:: Given information
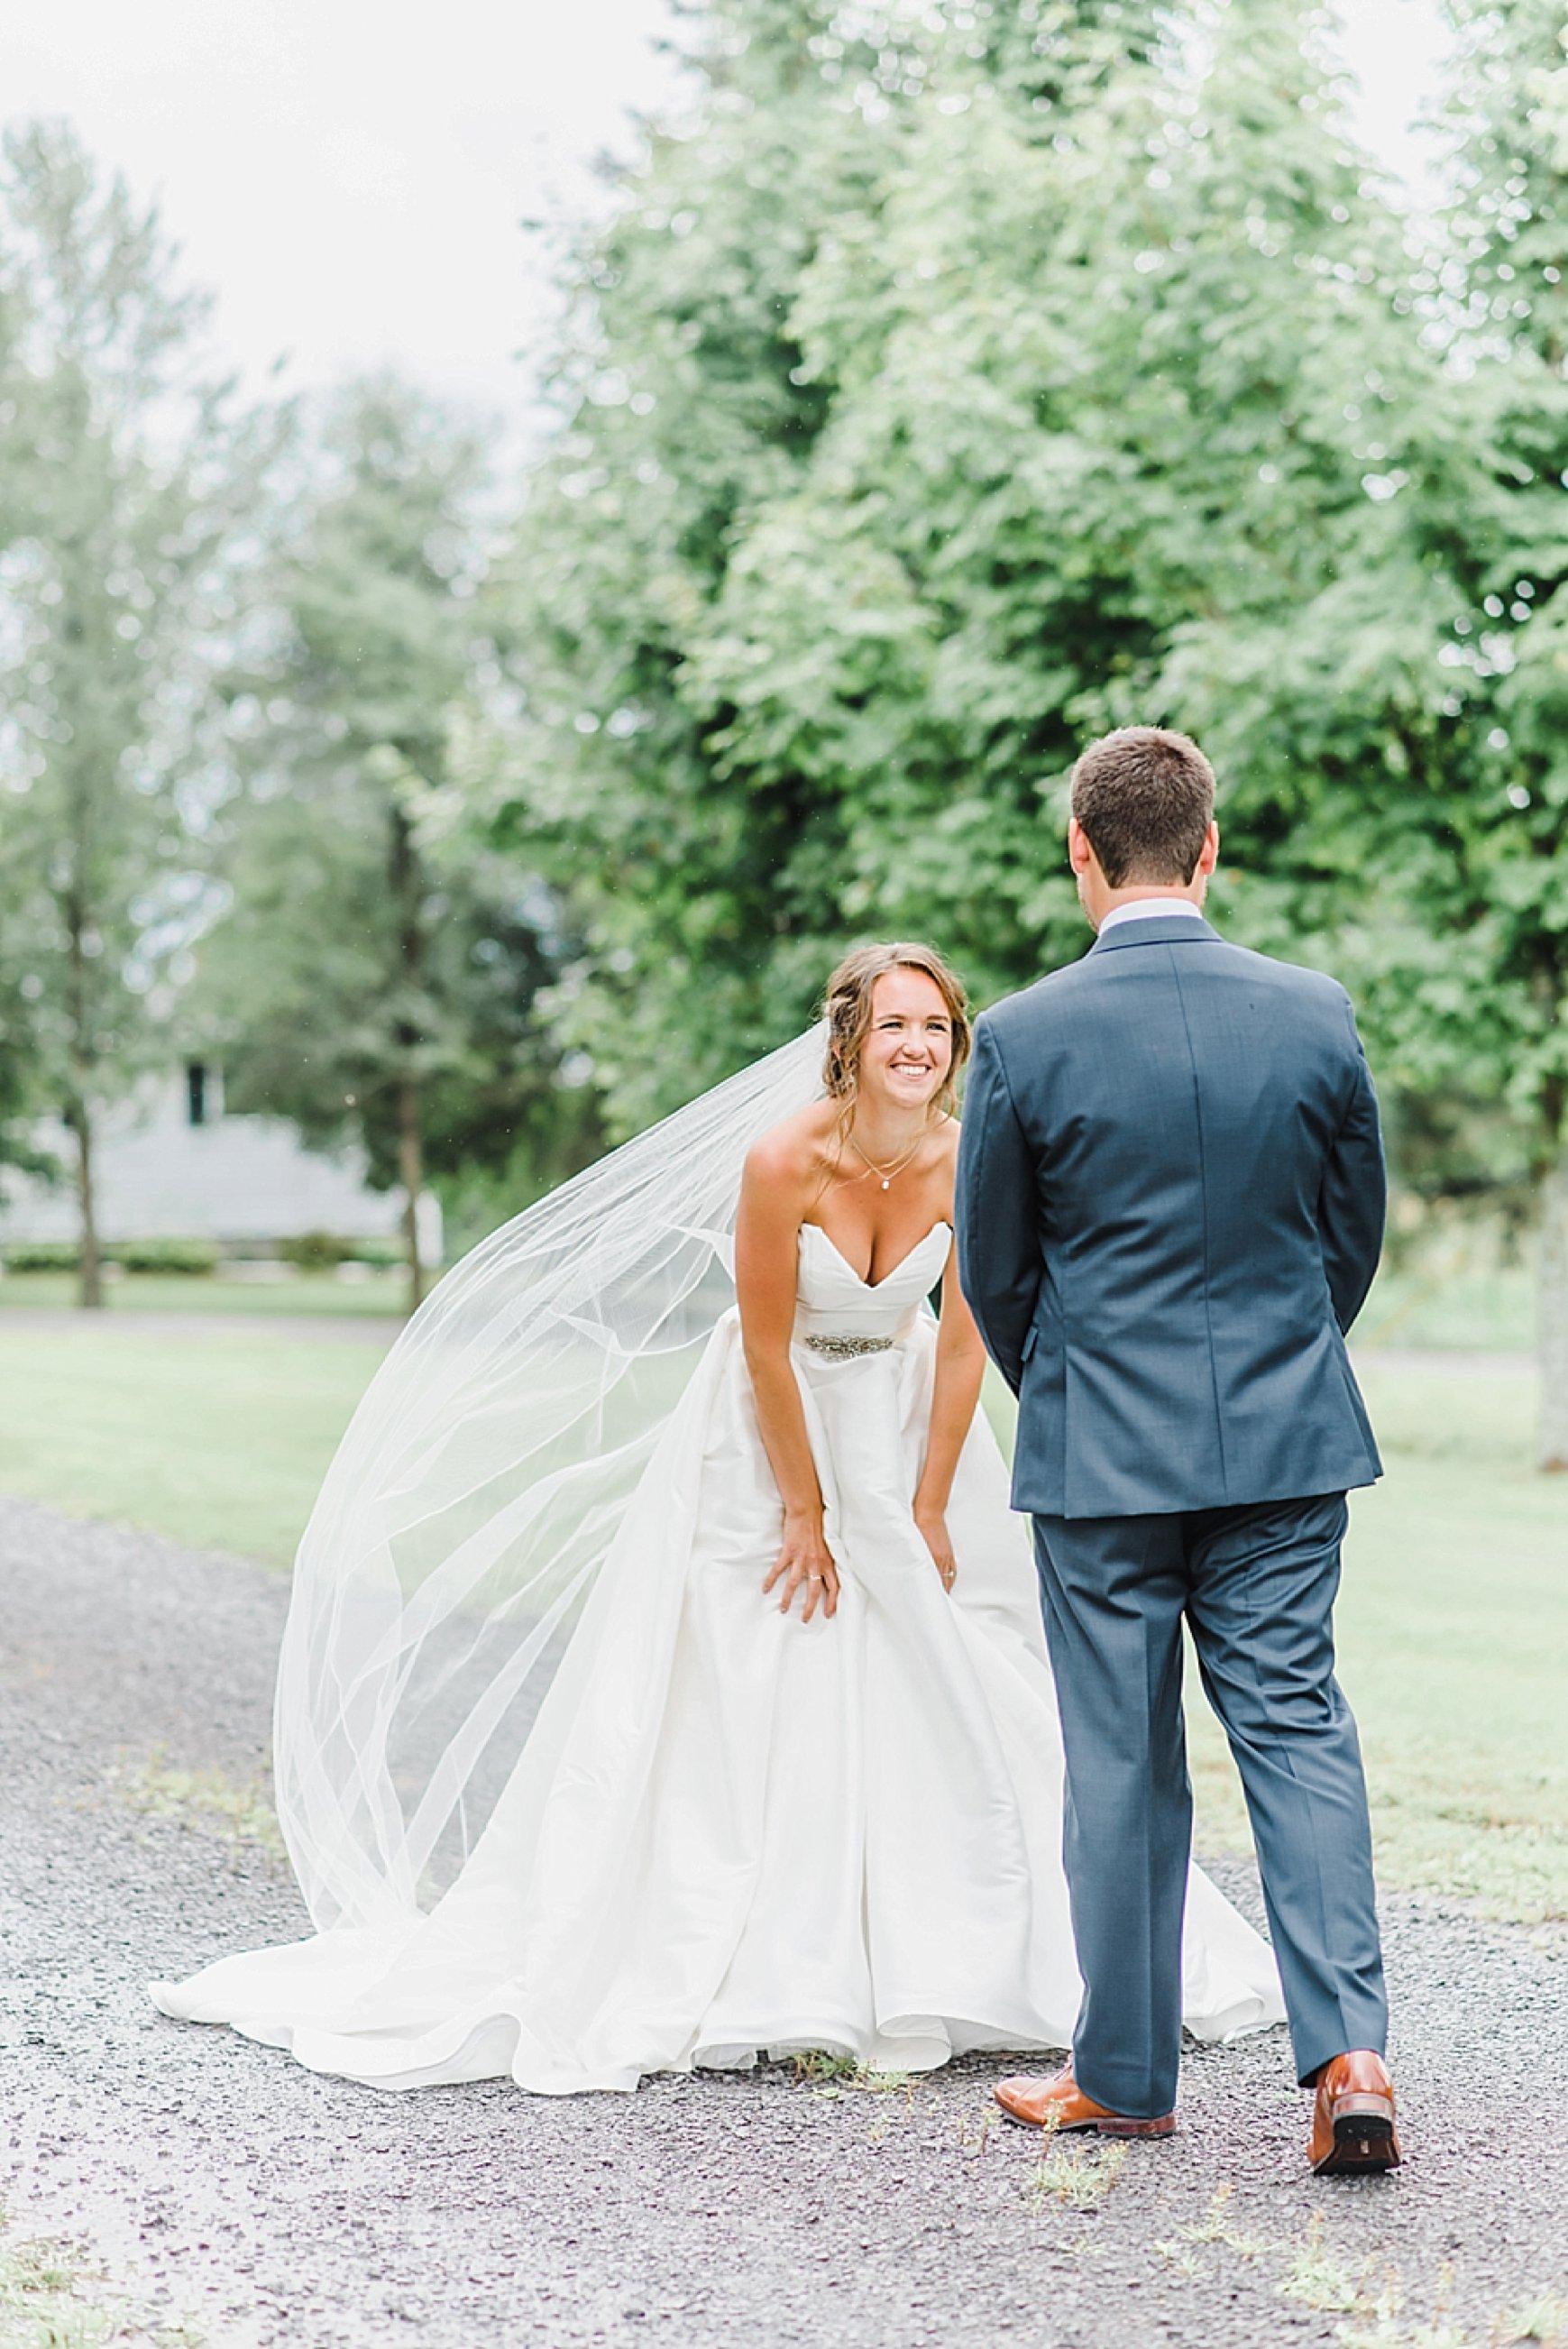 light airy indie fine art ottawa wedding photographer | Ali and Batoul Photography_0488.jpg
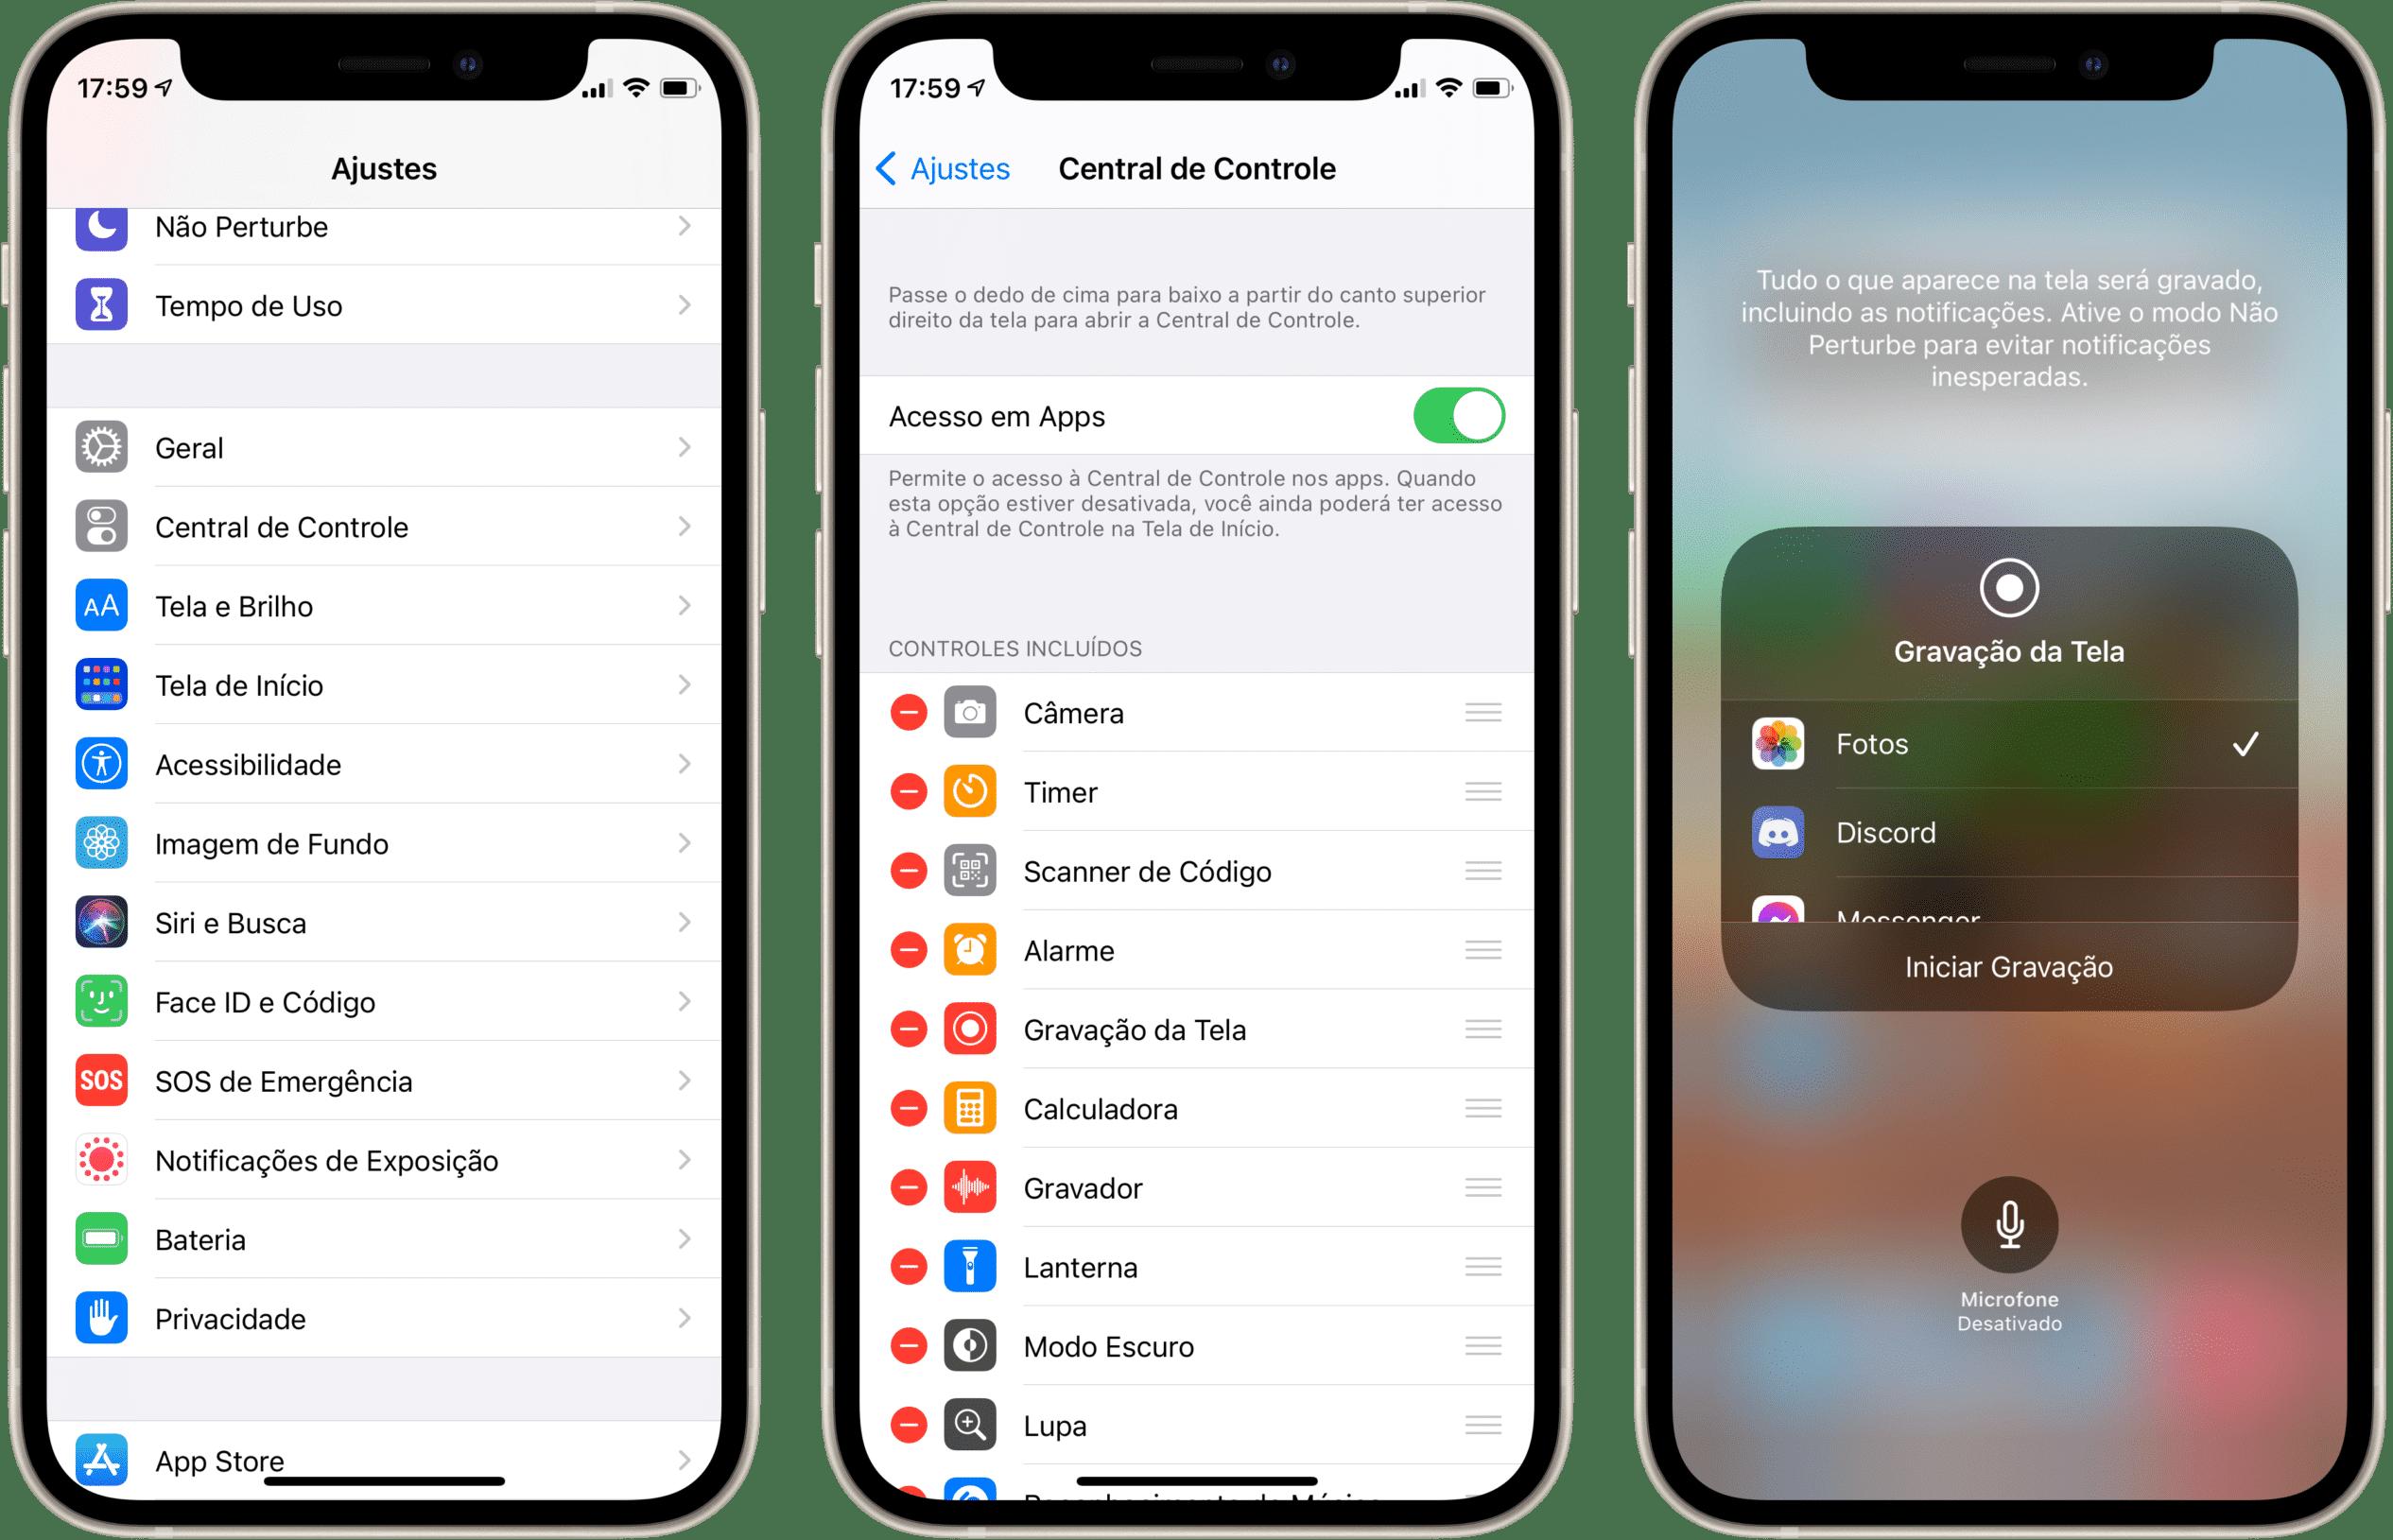 Gravando a tela do iPhone
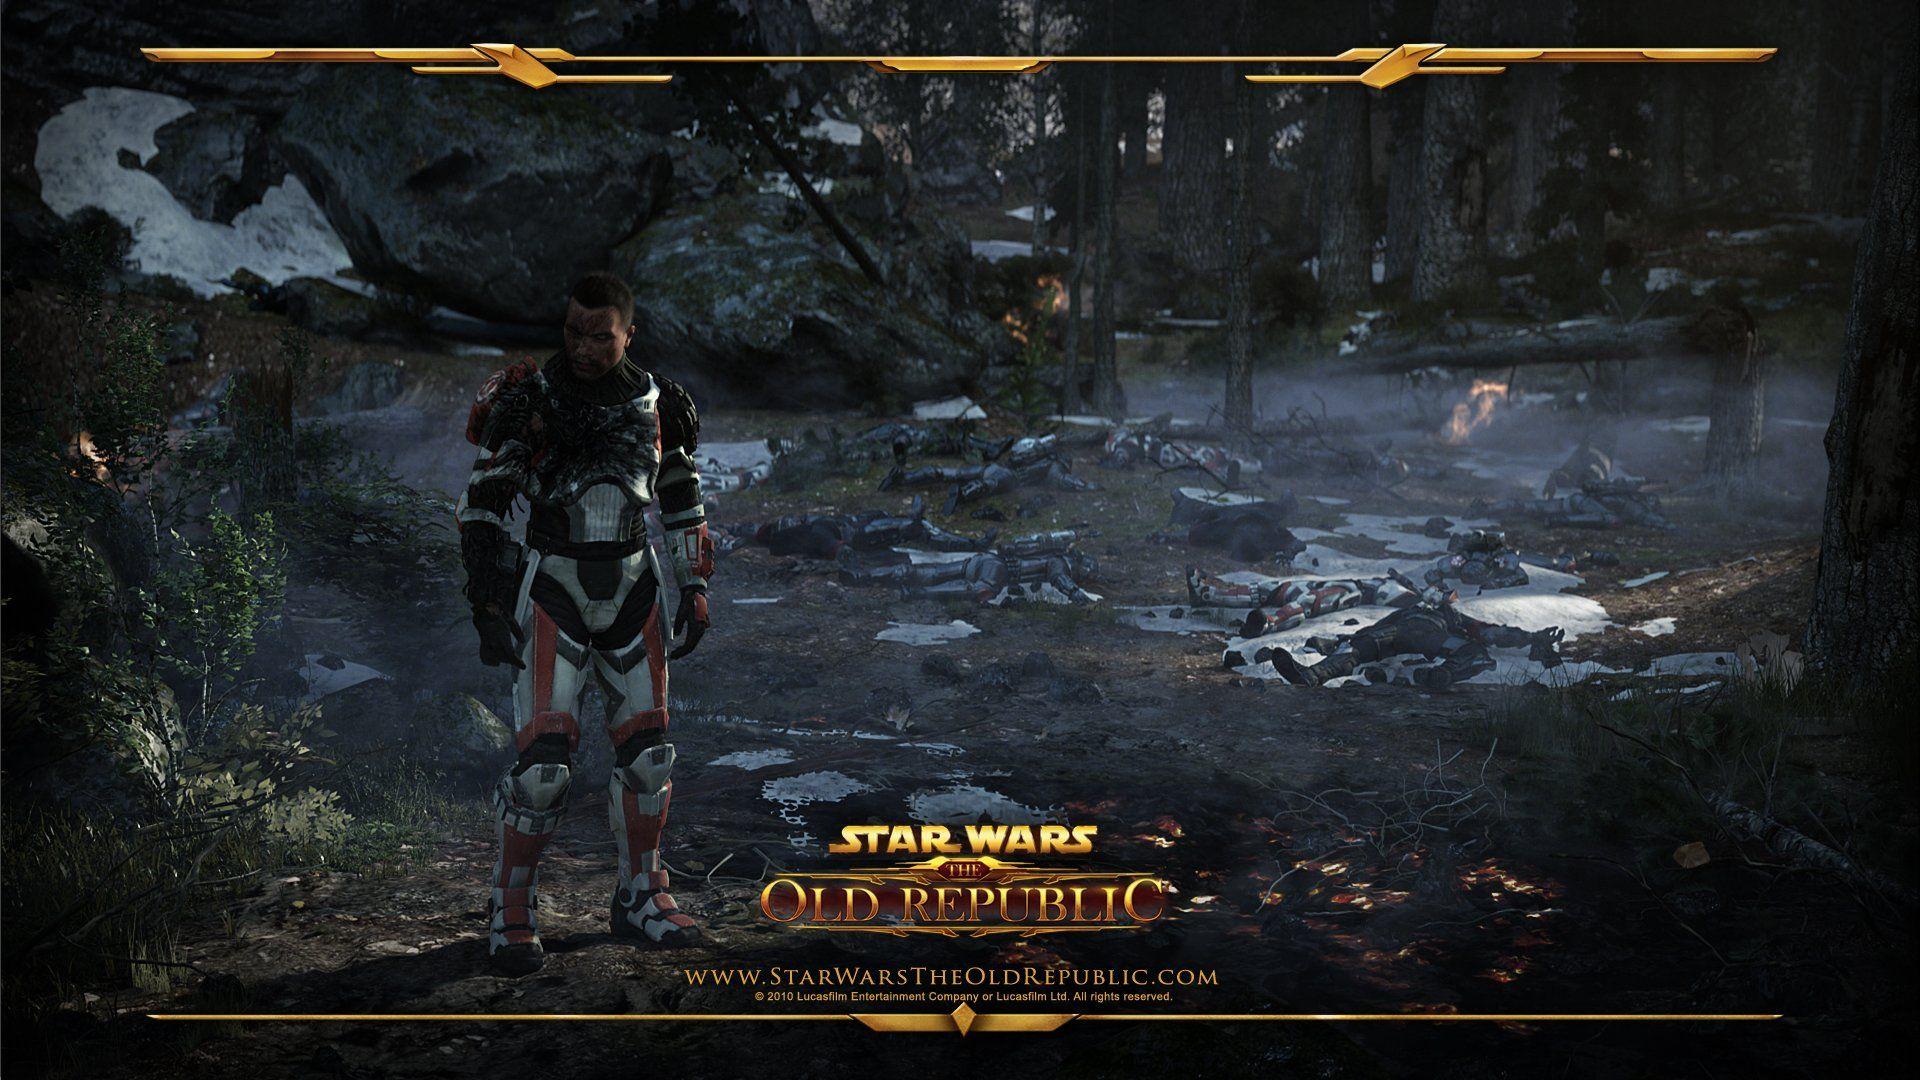 Star Wars The Old Republic Wallpaper Walldevil Best Free Hd
::::
What to work on: Only the pictures in the listing above get left out; print everything else exactly.

Answer area:
 light airy indie fine art ottawa wedding photographer | Ali and Batoul Photography_0488.jpg
 Gravando a tela do iPhone
 Star Wars The Old Republic Wallpaper Walldevil Best Free Hd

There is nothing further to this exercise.